Commemoration of the Prague Uprising
Miroslav Bobek | 03. 05. 2025
After the outbreak of the Prague Uprising some zoo employees left to defend the Troja Bridge. It is said that they retrieved weapons from hiding places on the premises of Prague Zoo, but we have no evidence of this, or I don’t know about any. But with one exception.

Photo: Miroslav Bobek, Prague Zoo
Years ago, I was collecting information on an old drift that ends near the aviary of bald ibises. Historians of mining were surveying it on that occasion. They were digging down there in a tight place to check if the drift had a turn-off. I reached them when they were finishing and called out to them, asking what they had found. Nothing. Still, I crawled to them on my knees and across a pile of soil asked again. Really nothing? Nothing. In disappointment, I dug into the soil—and I was astonished. I was holding a magazine with five live cartridges!
One possible thought was that it was a remnant of the weapons that had been hidden here during the occupation. When someone was quickly retrieving the rifle—and maybe other weapons as well—along with the ammunition, one magazine was left here. Who knows, maybe it was missed dearly a few hours later…
I took the magazine to my office and the next morning we called the police. When two policemen came and persistently demanded the information about the ammunition in the Information Centre at the main entrance, the colleague first thought it was a joke. Later the uniformed police officers called in the bomb disposal squad with a van full of top-of-the-line equipment including a special robot.
Unfortunately, the bomb disposal experts took the magazine away for disposal; fortunately, I took photos of it beside a ruler the previous evening. And I started searching.

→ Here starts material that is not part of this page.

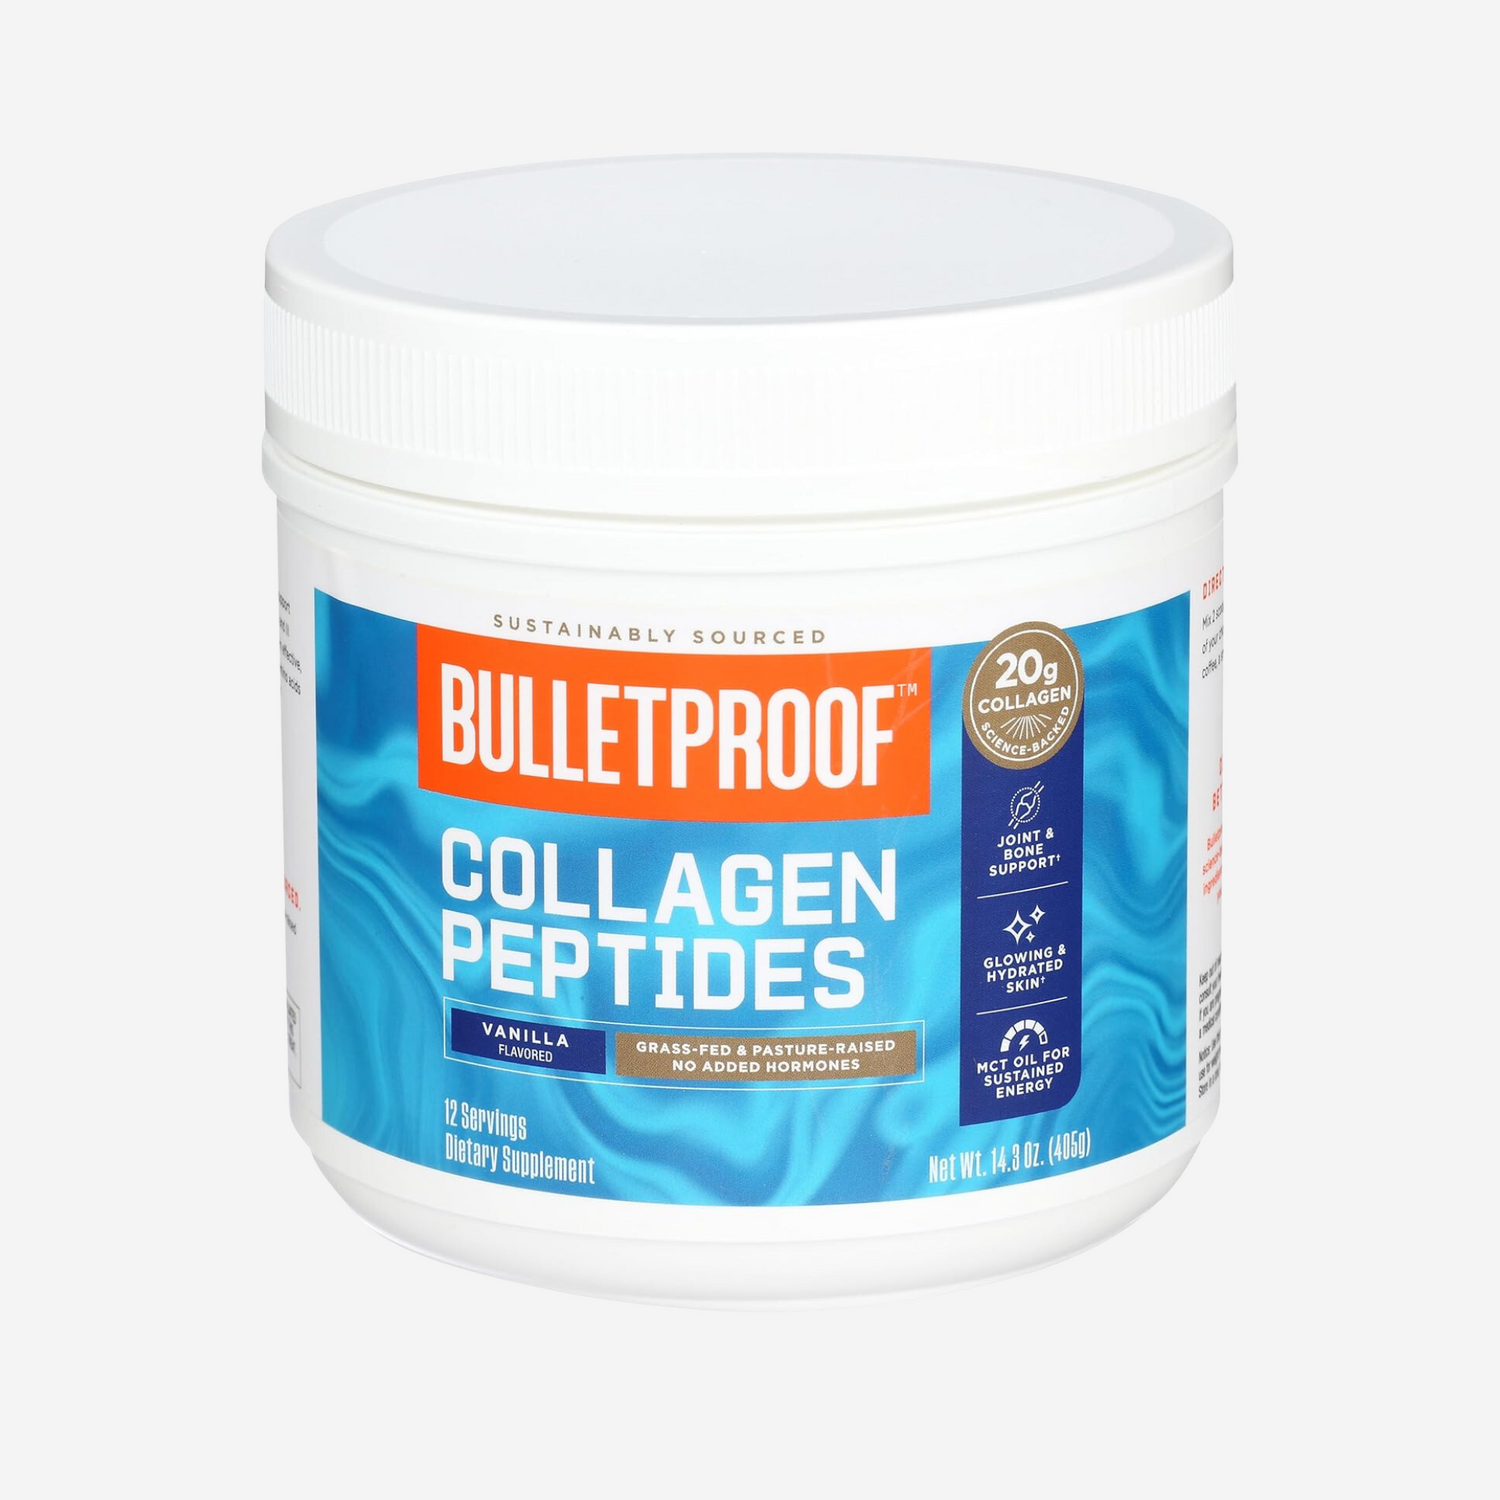 Bulletproof Vanilla Collagen Protein Powder, 14.3 OZ

The bomb disposal experts expressed their opinion that it was ammunition for a German Mauser rifle. Nevertheless, I sent the picture of the magazine to two experts. The first one wrote that these were most probably 6.5x51SR Arisaka cartridges, a modernized version that was introduced in 1905. The second one confirmed that it was indeed a Japanese Arisaka cartridge and added that after the World War I these cartridges were produced by Jiří Roth company from Bratislava. Since Russian legionnaires brought Japanese Arisaka rifles from their anabasis in large quantities…
Then it was easy to find that during the period between the wars these rifles were used in various shooting clubs like for example Národní svaz střelecký (National Shooting Union). And it was for these clubs that cartridges were produced. Finally, at the very end I had read that Arisaka rifles served also during the Prague Uprising.
I think that after these discoveries there is not much space left for doubts about the origin of the magazine from the drift in our zoo. Although I have only its photo, it is enough for commemoration of how our predecessors risked their lives in the fight for freedom.